- Born: January 2, 1921 St. Paul, Minnesota
- Died: February 20, 2011 (aged 90) Needham, Massachusetts
- Education: Massachusetts Institute of Technology California Institute of Technology
- Spouse(s): Mary McClintock (m.1945?-2011) (his death) 4 children Martha Roger David Richard
- Awards: James Clayton Prize of the Institution of Mechanical Engineers The Nadai Award Drucker Medal Howe Medal The Griffith Medal of the European Structural Integrity Society
- Scientific career
- Fields: Mechanical engineering, Material science
- Workplaces: Massachusetts Institute of Technology

= Frank A. McClintock =

Frank A. McClintock (January 2, 1921 – February 20, 2011) of Concord, Massachusetts, was an American mechanical engineer in material science.
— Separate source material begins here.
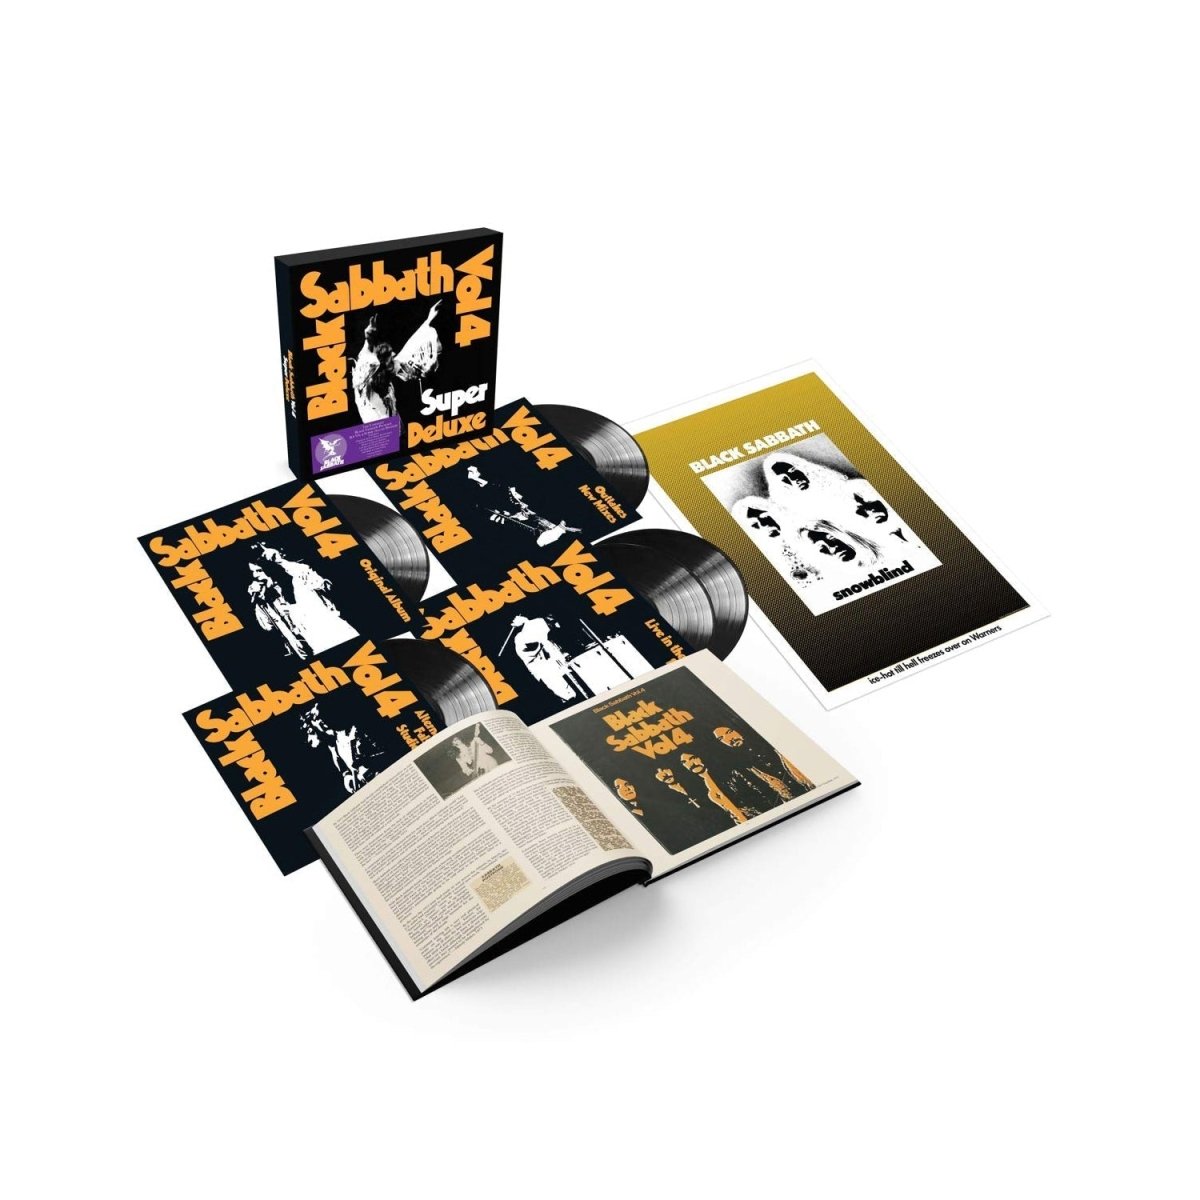 Black Sabbath - Black Sabbath Vol 4 Super Deluxe Records & LPs Vinyl

A pioneer in the study of ductile fracture, McClintock was an Emeritus professor in the Department of Mechanical Engineering at Massachusetts Institute of Technology.
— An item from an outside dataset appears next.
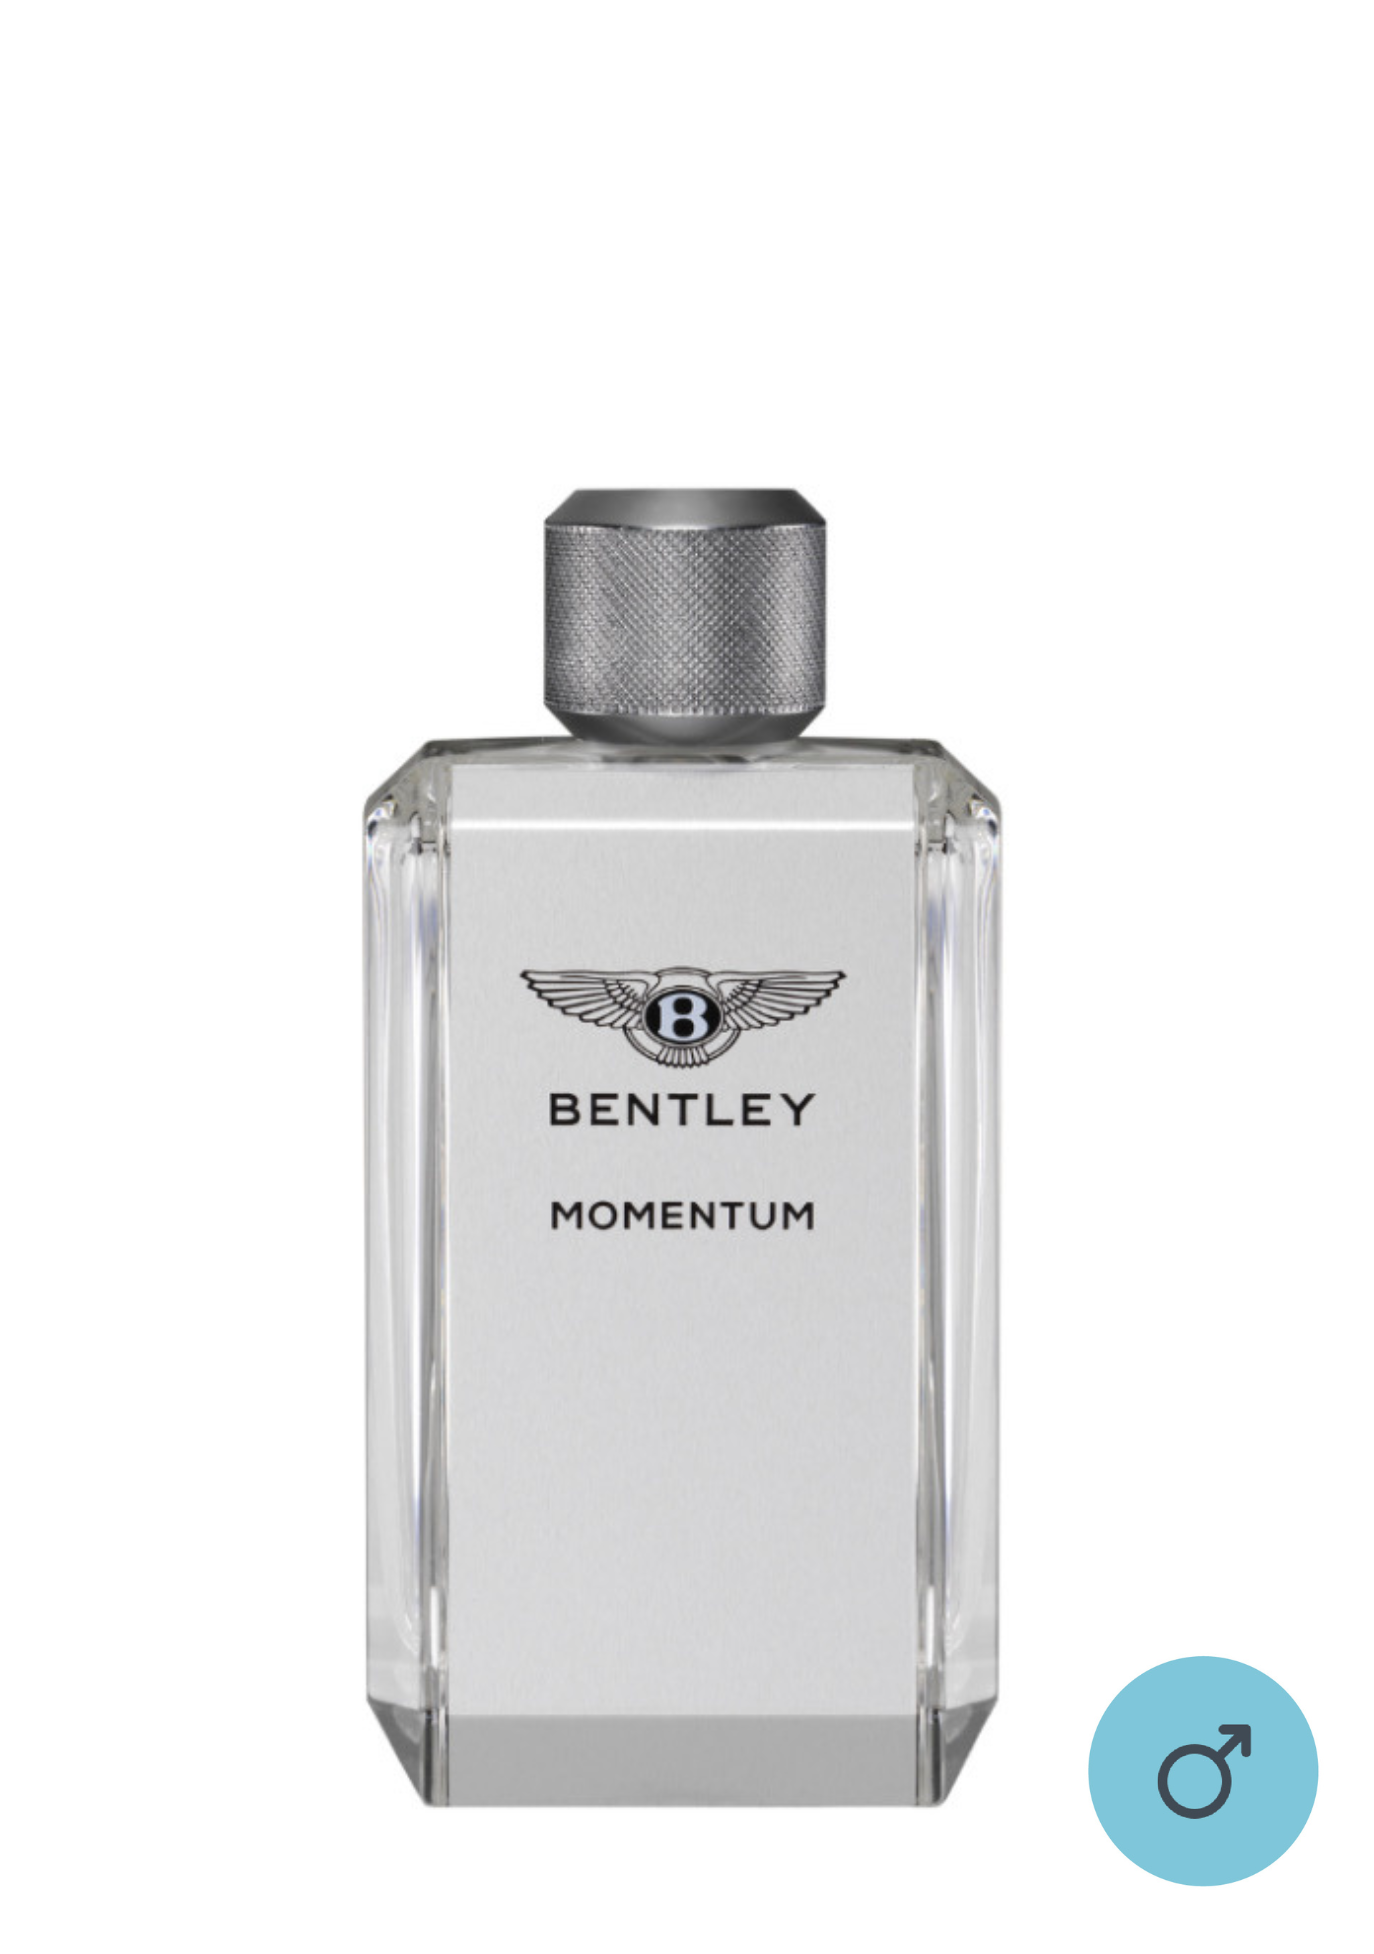 [New in Box] Bentley Momentum EDT

Along with Ali S. Argon in 1966 he co-authored a book titled Mechanical Behavior of Materials.

"His professional contributions revolutionized the understanding of the fracture process in engineering practice, by introducing a physical and mechanistic perspective emphasizing the plasticity aspects of ductile fracture and fatigue crack propagation."